Les auteurs mystiques en ont, à leur insu, consigné plus d’un exemple dans leurs livres.

La science aussi possède des faits nombreux qui, par leur analogie, ou plutôt (psychologiquement parlant) leur identité avec les faits que nous pourrions emprunter aux mystiques, répandent sur ceux-ci une vive lumière.

Parmi ceux que nous avons observés, je n’en citerai qu’un seul ; il sera concluant.

Nous avons eu sous les yeux, pendant plusieurs mois, et nous avons pu étudier à fond, une jeune personne qui, bien certainement, à une autre époque, et dans d’autres conditions de famille, d’entourage, eut pris place parmi les Chantal, les Guyon, etc., etc.

Je me bornerai à citer textuellement, et sans rien changer, certains passages des nombreuses lettres qu’elle écrivait, et qui prouvent à quel point cette intéressante personne se méprenait sur le mobile de la vocation qu’elle disait éprouver pour la vie religieuse, comme sur la véritable nature des sentiments qui l’agitaient.

Voici d’abord, comment mademoiselle X... rend compte de sa vocation :

« Jésus, Marie.

En commençant ce travail, mon âme encore adore et s’agenouille, car elle aime souverainement le souverain maître auquel soient tout l’honneur et la gloire qui lui sont dus.

L’amour de Dieu a paru pour moi avec la lumière du jour ; et avec cet amour, le désir et la jalousie d’une pureté aussi pure que sa pureté infinie. Dès l’aube de ma vie, la grandeur et la beauté de Dieu dans Jésus, sa délicate pureté dans Marie, m’ont causé l’unique et presque incessant ravissement dont jamais mon âme ait été saisie. Rien n’a pu lui sembler beau dans la vie, parce que la splendeur de Jésus et Marie fait pâlir tout le reste.
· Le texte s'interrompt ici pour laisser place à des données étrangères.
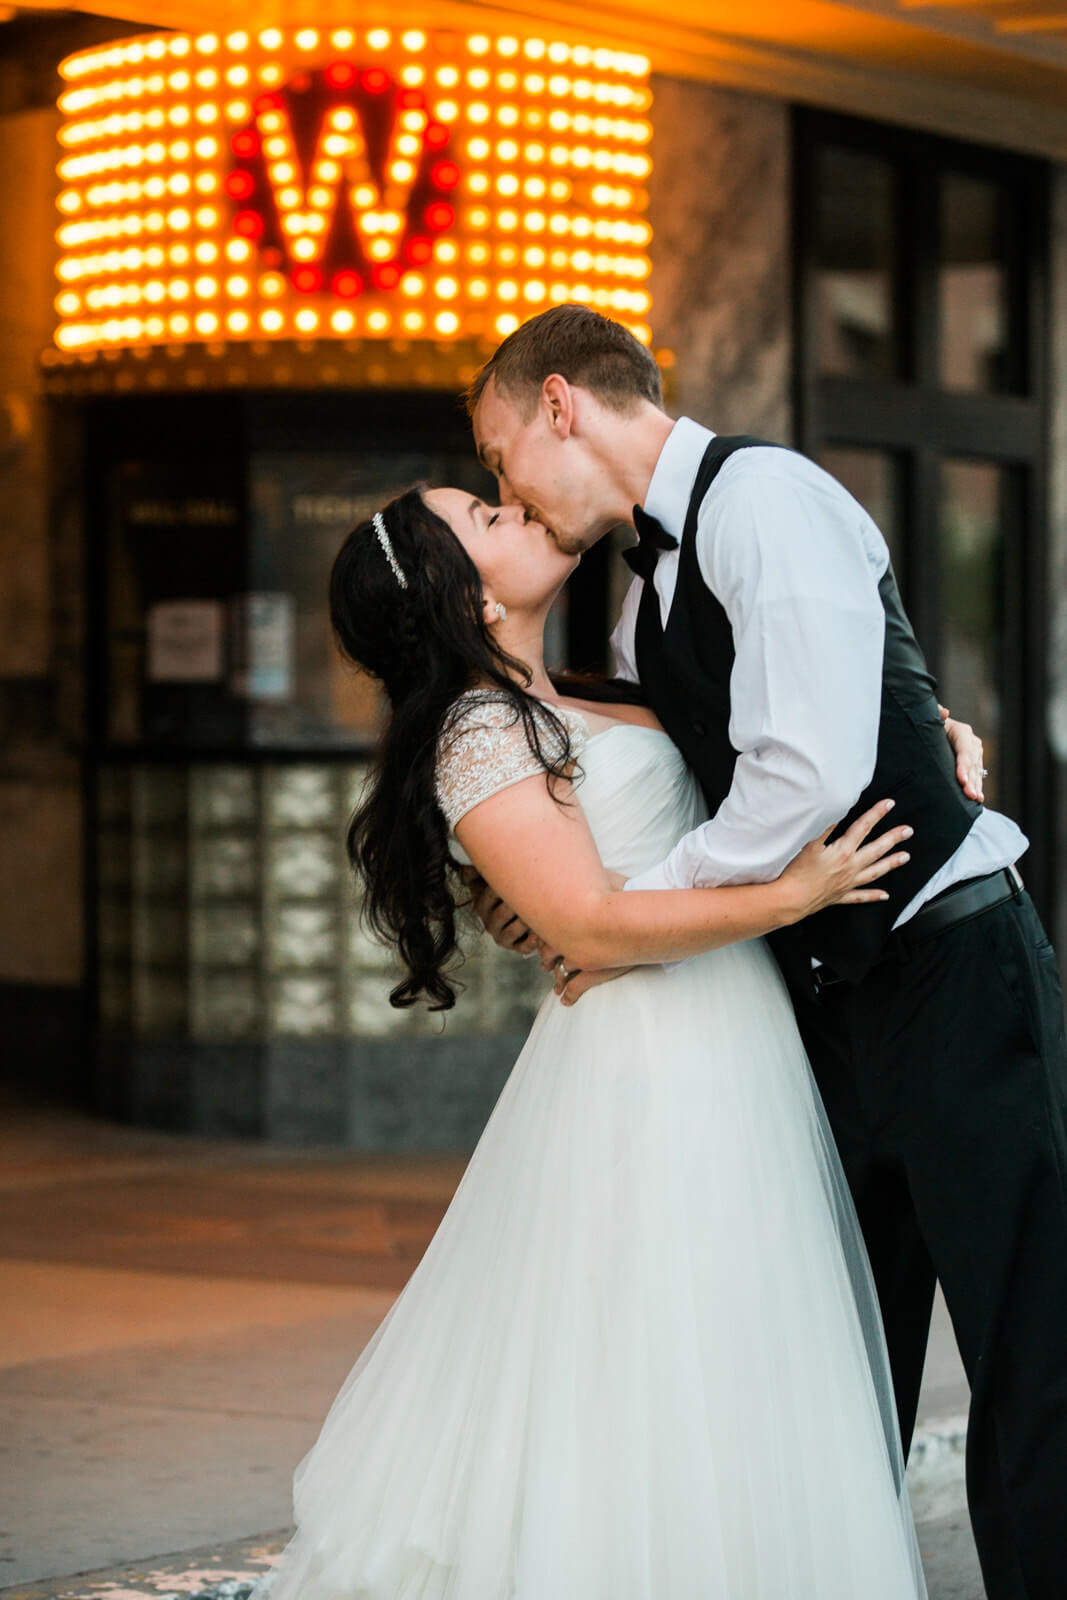 A bride and groom kiss in front of the Wilma Theatre sign in Missoula Montana during their wedding day
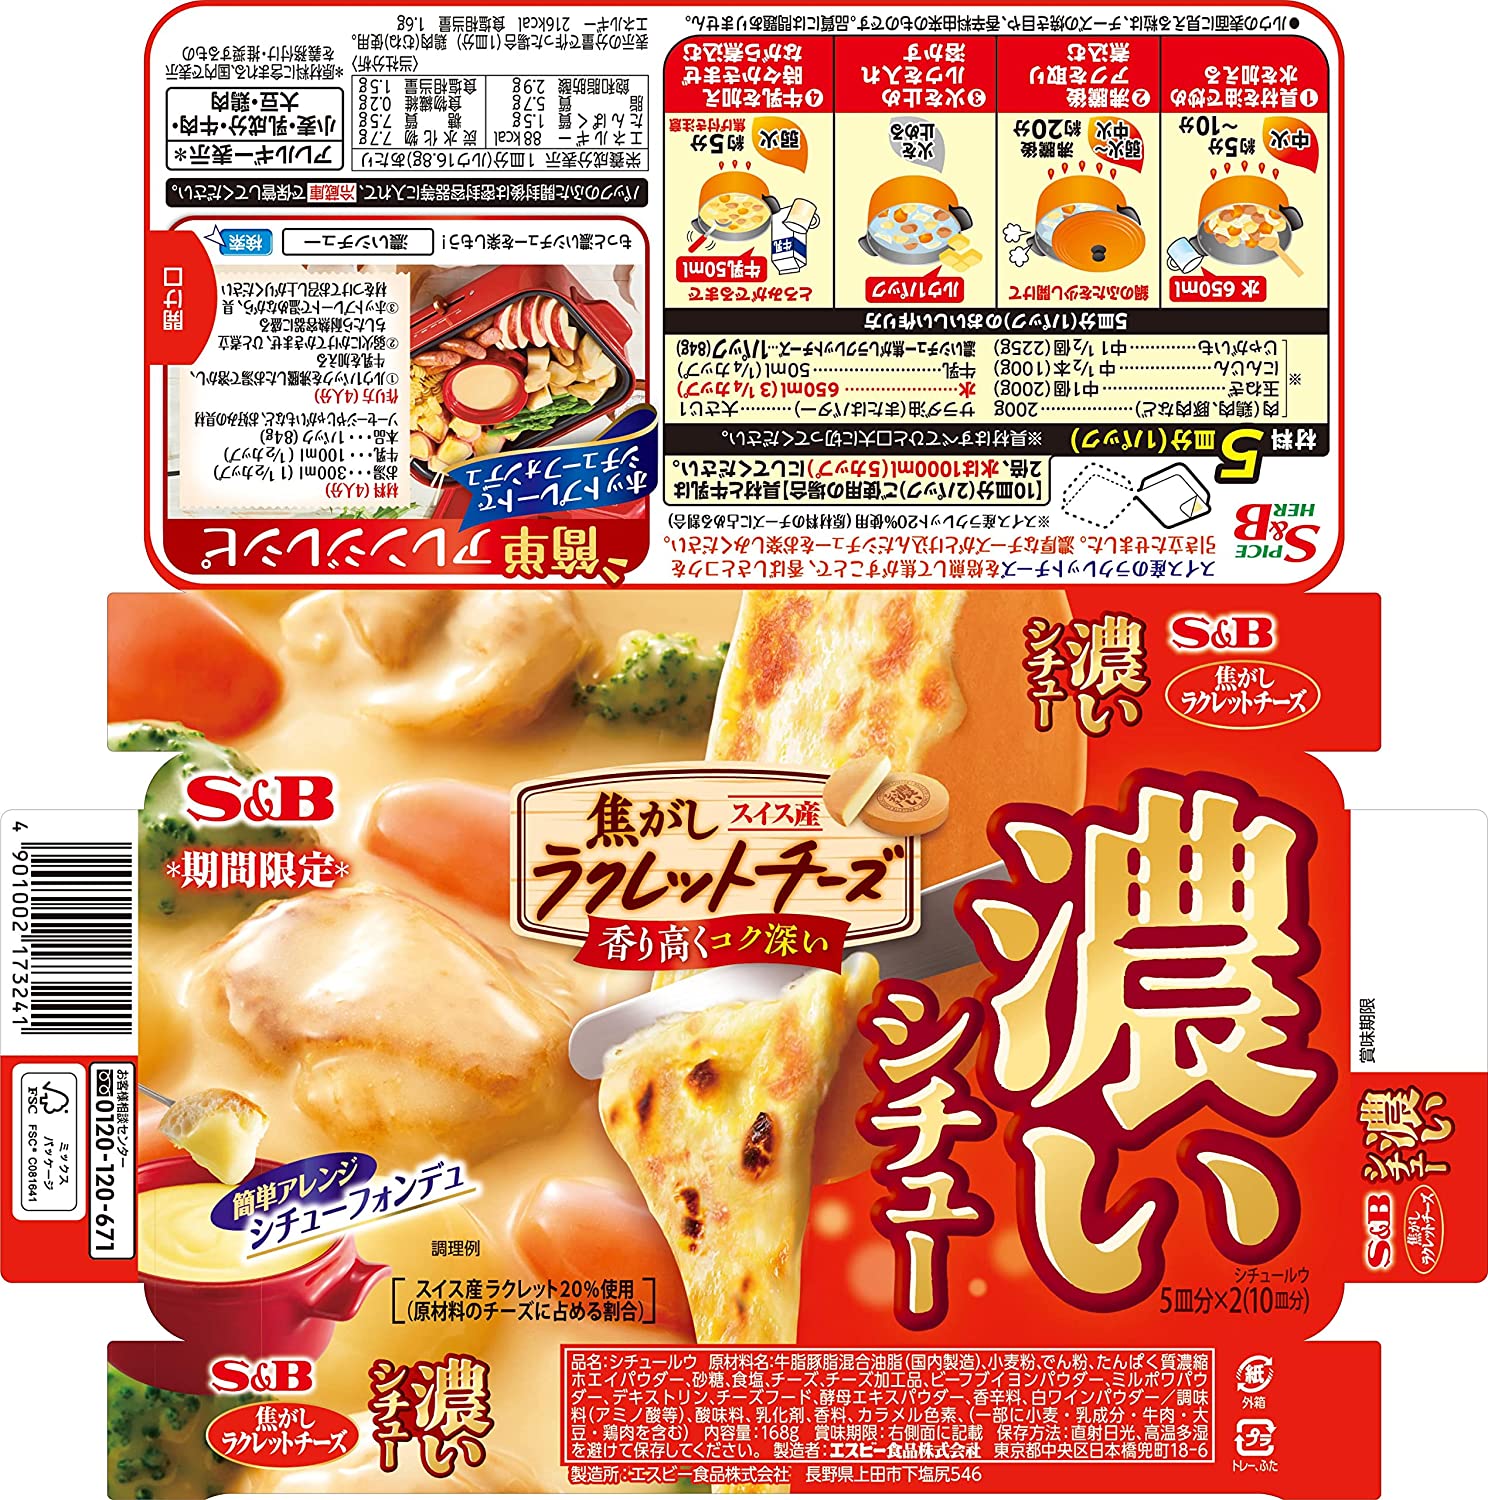 Japanese Popular food S & B Dark Stew Scorched Raclette Cheese 168g x 5 / 7810  画像2

J’avais pourtant une bien mauvaise nature, beaucoup de fierté, d’orgueil, de paresse, de gourmandise et d’égoïsme ; et bien qu’elle se soit manifestée au grand jour, le plaisir intérieur que je prenais en Jesus était si grand, que dans ma jalousie de le gouter uniquement, en cédant volontairement au mal, dès que je m’apercevais d’y trouver jouissance, vite je rejetais un plaisir qui n’était pas mon seul Jésus. Mourir à tout, et tout perdre pour aimer Jésus, sont les seules voluptés qui aient su dilater mon cœur.

D’où vient, cependant, que ce cœur est si sensible aux affections, si facile à y répondre ? De ce que tout ce qui est bon venant de Dieu, mérite d’être savouré, et que c’est être grande comme Dieu que d’aimer librement comme lui.

Maintenant, on dit qu’il faut distinguer entre l’amour, et l’amour. De cet art mon âme est à l’école.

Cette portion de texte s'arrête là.